Key words: Alloplast - MEDPOR - Implant - Rhinoplasty - Reconstruction

Sclafani, A.P., Romo III, T. "Alloplasts for Nasal Augmentation, Clinical Experience and Scientific Rationale", Facial Plastic Surgery Clinics of North America, Vol. 7, No. 1, pp. 43-54 (February 1999)

The technique of nasal reconstruction has undergone a slow transformation from simple skin coverage of gross midfacial tissue defects, to aesthetic contouring and finally to the dual goals of functional and aesthetic reconstruction. We have progressed in our understanding of implant physiology enough to make a rational decision on their use when adequate autogenous tissue is unavailable. Although autogenous tissue is still by far the preferred material for nasal augmentation, it is no longer acceptable to maintain that alloplasts should never be used in the nose. Patients requiring significant amounts of augmentation, as well as those in whom sufficient autologous tissue of acceptable quality is unavailable, should be considered as candidates for alloplast augmentation in the nose. Further refinements in the form, texture and microstructure, as well as the chemical composition of thee implants, will improve the short- and long-term cosmetic and functional results of nasal reconstruction using alloplasts.

Frodel, J.L., Lee, S. "The Use of High-Density Polyethylene Implants in Facial Deformities", Archives of Otolaryngology - Head and Neck Surgery, Vol. 124, No. 11, pp 1219-1223 (1998)

Objective: To determine the usefulness of porous high-density polyethylene implants (MEDPOR®) in a variety of facial skeletal deformities and subcutaneous defects, excluding those associated with acute maxillofacial trauma.

Thirty-four patients (age range, 20-74 years) with facial deformities requiring skeletal defect reconstruction or augmentation (38 cases), treated between January 1, 1992 and January 1, 1997. Follow-up ranged from 6 months to 40 months.

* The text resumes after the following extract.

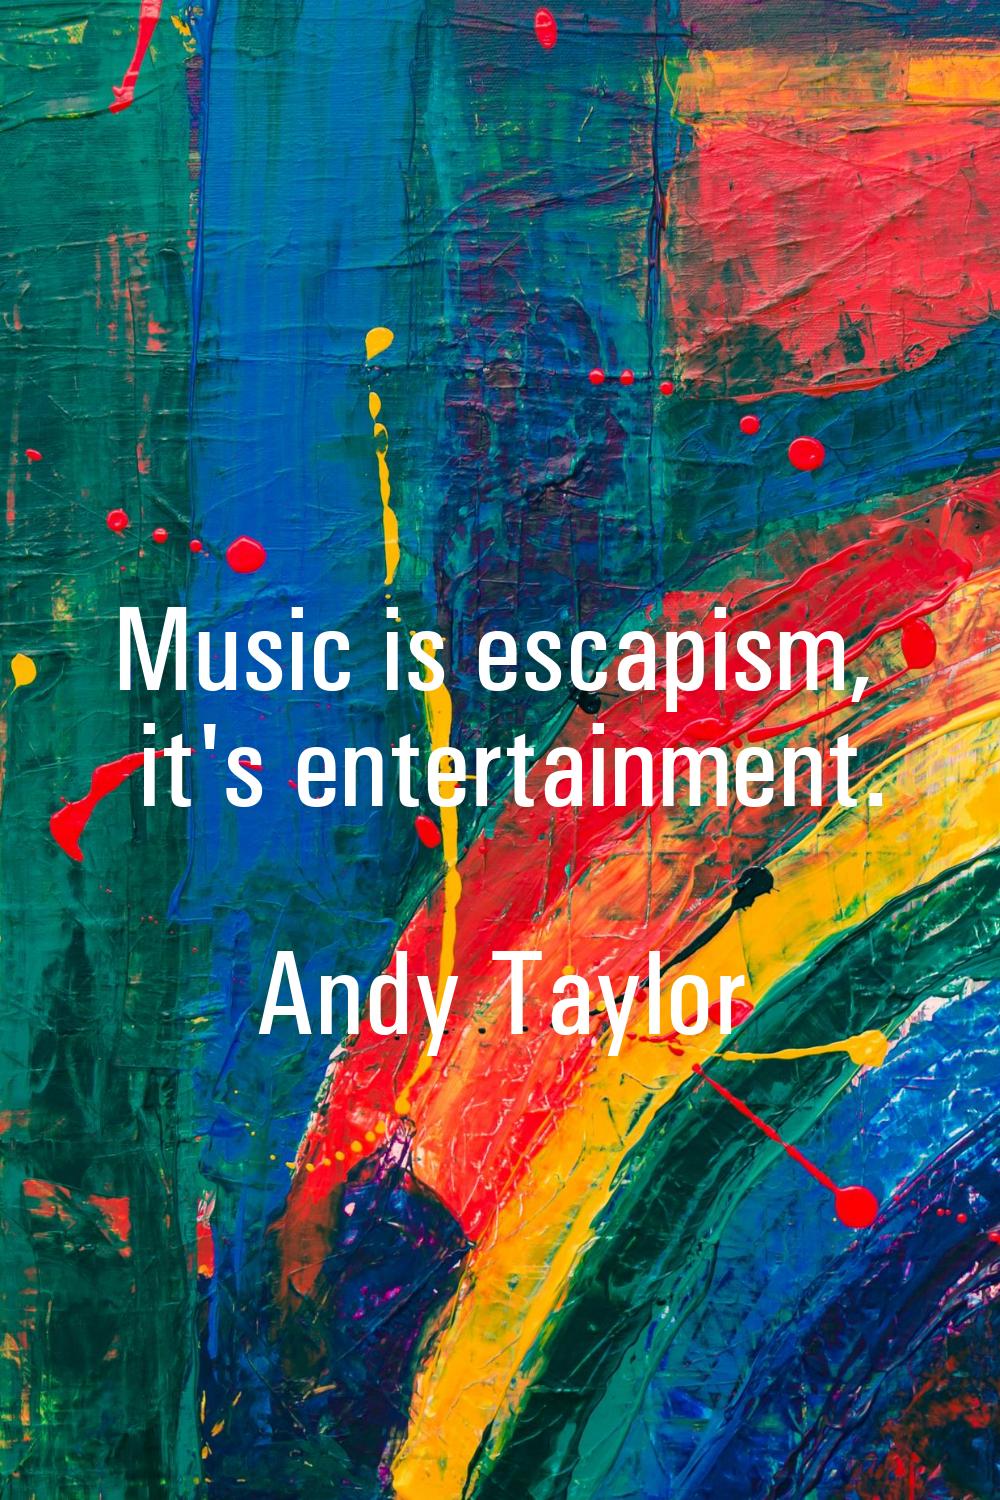 Music is escapism, it's entertainment.
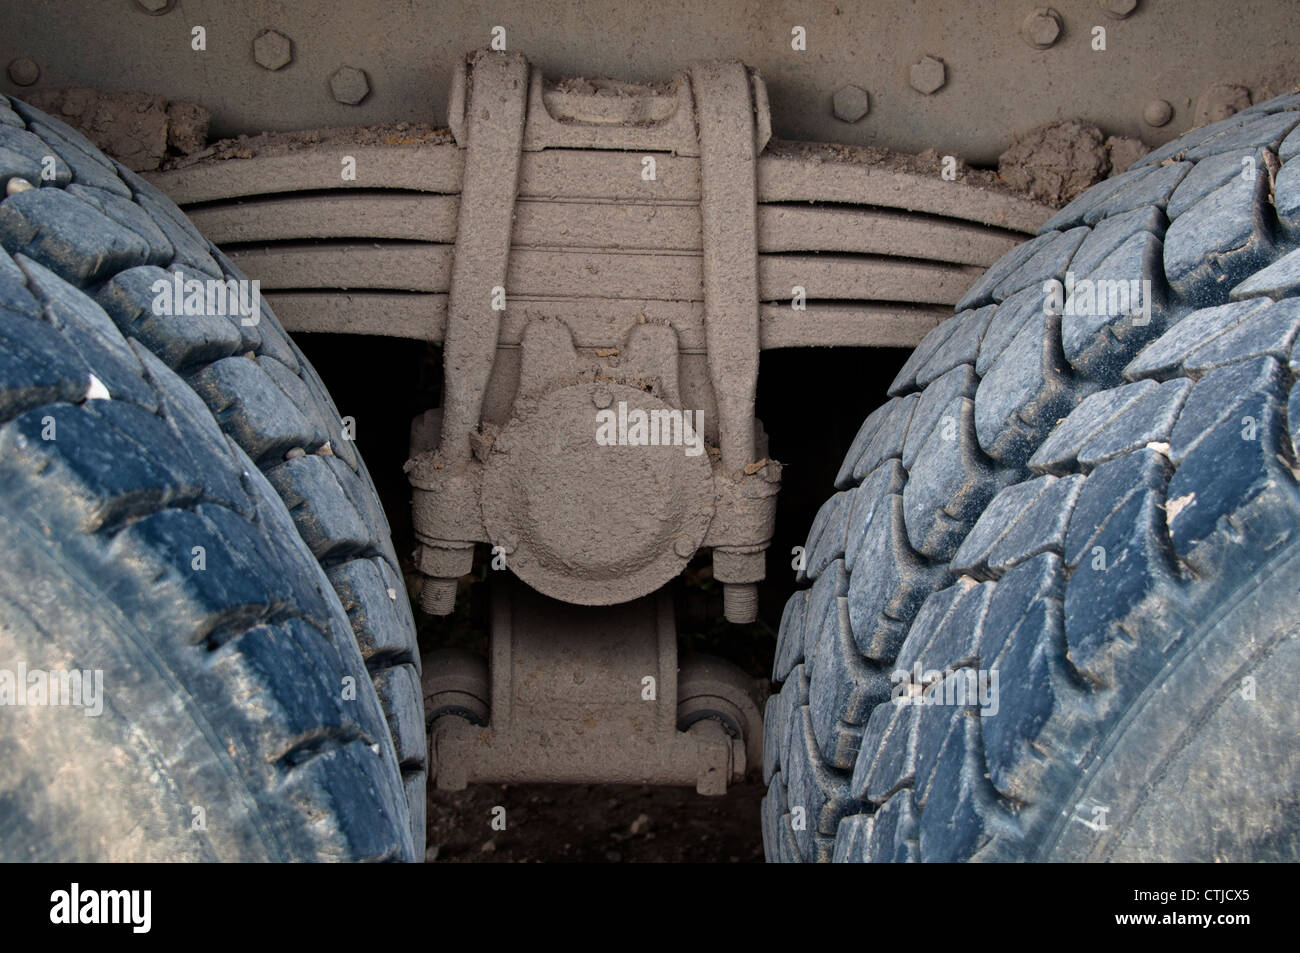 Detalle de la suspensión de ballesta con neumáticos de camión pesado sucio Foto de stock

Main Outcome Measures: Age, type and origin of the deformity treated, type of treatment and complications.

Results: Types of deformities and defects treated include 7 patients with orbital defects (secondary traumatic or oncologic deformities), 8 with temporal fossa defects, 8 with frontocranial defects, 4 with maxillary or malar defects, 7 with calvarial bone graft donor site defects, 2 with microtia and 2 with chin deficiency. Forty implants were placed. Complications included implant exposure in 4 patients and inappropriate augmentation in 1 patient (chin implantation).

Conclusions: High-density polyethylene implants offer an excellent alternative to autogenous and other alloplastic materials in reconstruction of many facial defects and deformities. Advantages include its versatility and relatively ideal pore size that allows for excellent soft tissue ingrowth and coverage. Disadvantages include its rigid nature and difficulty in contouring to the surface of complex skeletal structures.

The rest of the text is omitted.